EXERCISE PROMPT >> From the first line to the last, please reproduce the material exactly, skipping the pictures.

AVAILABLE DATA >>
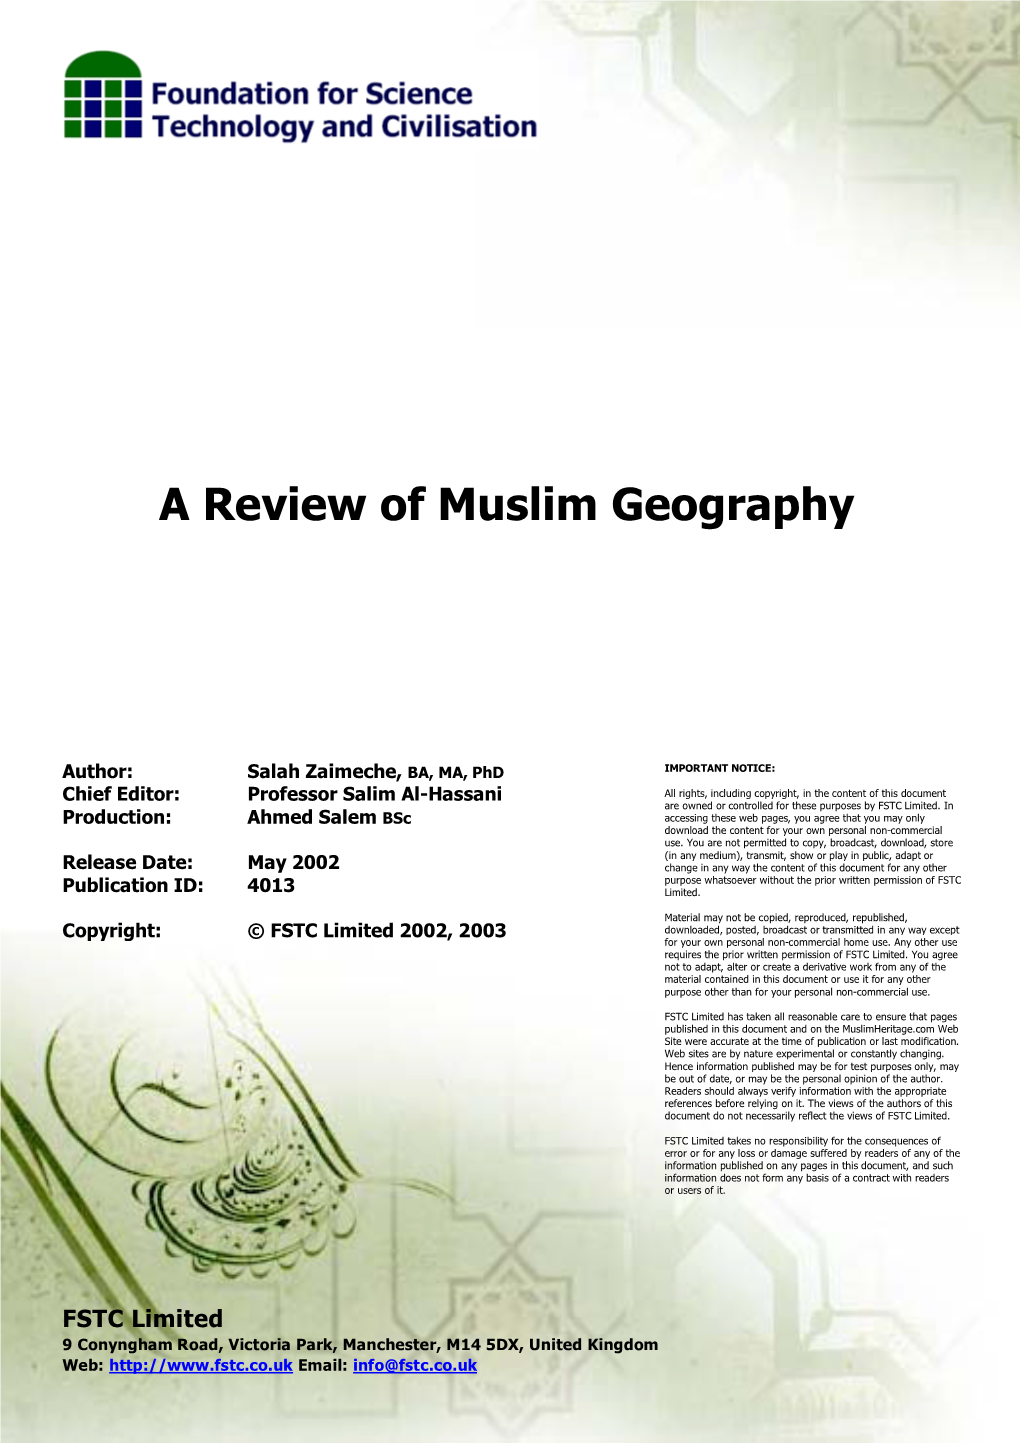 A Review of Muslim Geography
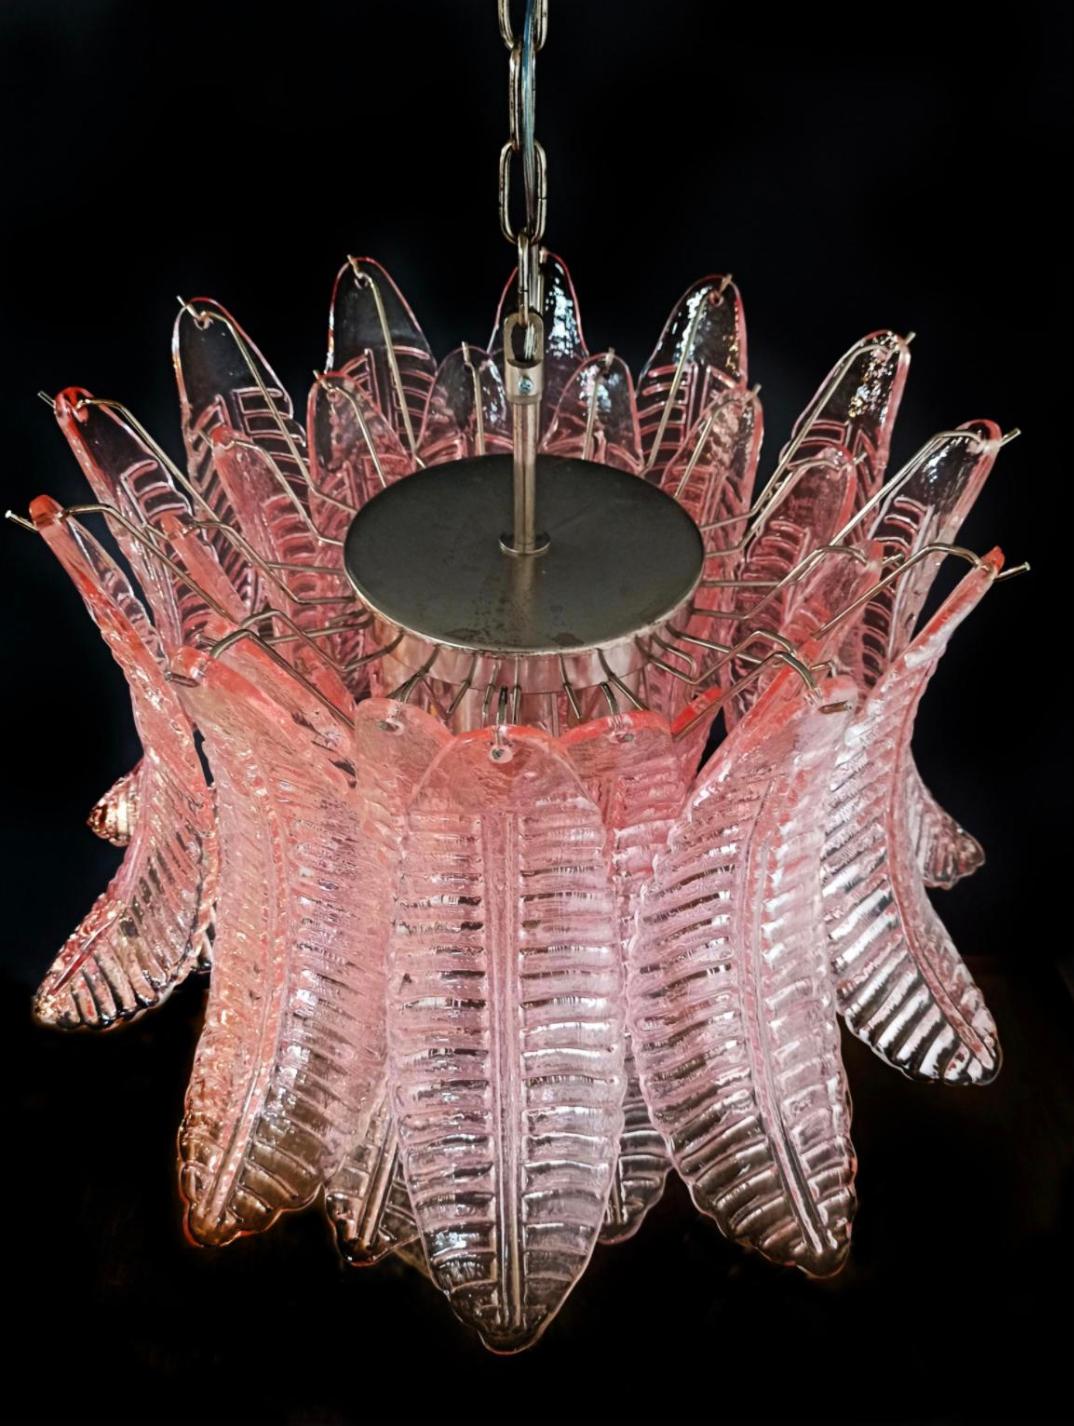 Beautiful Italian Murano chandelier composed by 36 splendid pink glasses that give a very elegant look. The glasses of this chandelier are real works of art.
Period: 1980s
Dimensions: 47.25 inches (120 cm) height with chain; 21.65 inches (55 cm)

RESULT OF THE EXERCISE >>
 A Review of Muslim Geography
 Beautiful Italian Murano chandelier composed by 36 splendid pink glasses that give a very elegant look. The glasses of this chandelier are real works of art.
Period: 1980s
Dimensions: 47.25 inches (120 cm) height with chain; 21.65 inches (55 cm)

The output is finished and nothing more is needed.